Since Chinese state media released a video appearing to show a prominent Uighur musician alive, despite reports of his death, Uighur Muslims have flooded social media with requests for news of their missing relatives.
On 10 February, the footage released showed a man said to be Abdurehim Heyit stating he was in “good health”. The video came after Turkey criticised China’s mass detention of Uighurs in its far west, saying it had learned of Mr Heyit’s death in a camp.
Questions about the video’s authenticity and when it was filmed were raised by some Uighur groups. Now, using the hashtag #MeTooUyghur, relatives of detainees and activists have taken to Twitter and Facebook to ask the Chinese government to prove that their loved ones are still alive.
Up to a million Uighurs and other Muslims are believed to have been detained in detention centres that China says are for vocational training and necessary to fight terrorism.
Are they alive?
Alfred tweeted he’d not seen his parents for more than 11 months and wanted China to “show me they are still alive”.
Uighurs in China’s far-western Xinjiang region have come under intense surveillance by the Chinese authorities. Many Uighurs who live outside of China say they haven’t spoken to their family members in years.
Babur Jalalidin and his sister, also worried about the wellbeing of their parents, detained since January 2018, also asked China to provide proof of life.
The son of the former editor-in-chief of the official Xinjiang Cultural Journal, Qurban Mamut, appealed for the release of his father, who has been missing since 2017.
“Show my father Kurban Mamut’s video too. You’ve cut our connection for more than a year,” Bahram Qurban tweeted.
The cousin of 25-year-old professional football player Erpat Ablekrem appealed on Facebook to the Chinese government to free him from “the concentration camp” where, he says, he has been detained since March 2018.
In Finland, Uighur activist Halmurat Harri asked about the many others who remain missing.
Why was the video released?
Over the weekend Turkey’s foreign ministry issued a statement in response to reports of the death of Abdurehim Heyit.
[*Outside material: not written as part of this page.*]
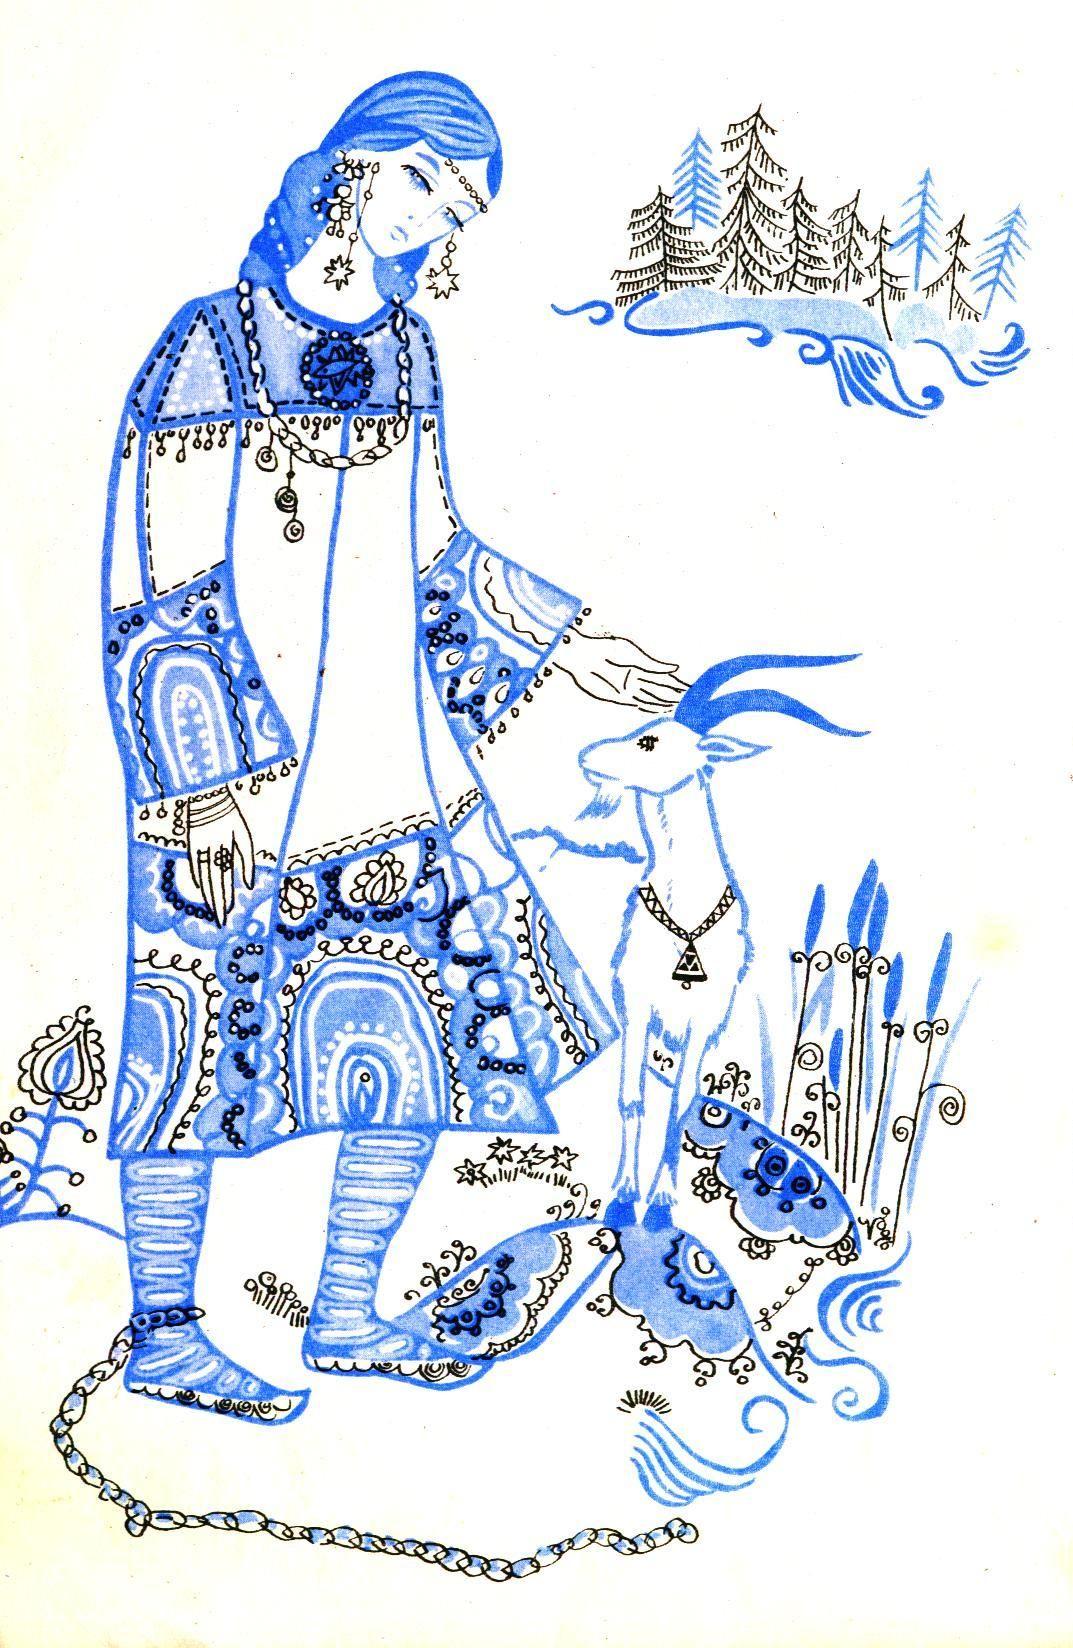 его белорусские сказки с иллюстрациями в графике свои ошибки выкину

It said detained Uighurs were being subjected to “torture”, branded China’s policy towards them a “great shame for humanity” and called for the “concentration camps” to be shut down.
China hit back on 11 February, calling Turkey’s statement “absurd lies” and “contrary to the facts”.
In August 2018, the UN Committee on the Elimination of Racial Discrimination heard that there were credible reports that China was holding a million Uighurs in “counter-extremism centres”.
International rights organisations say that Uighurs are held in these internment camps against their will and are not allowed to contact their family members.
China has repeatedly denied the allegations, describing the camps as “vocational training centres”.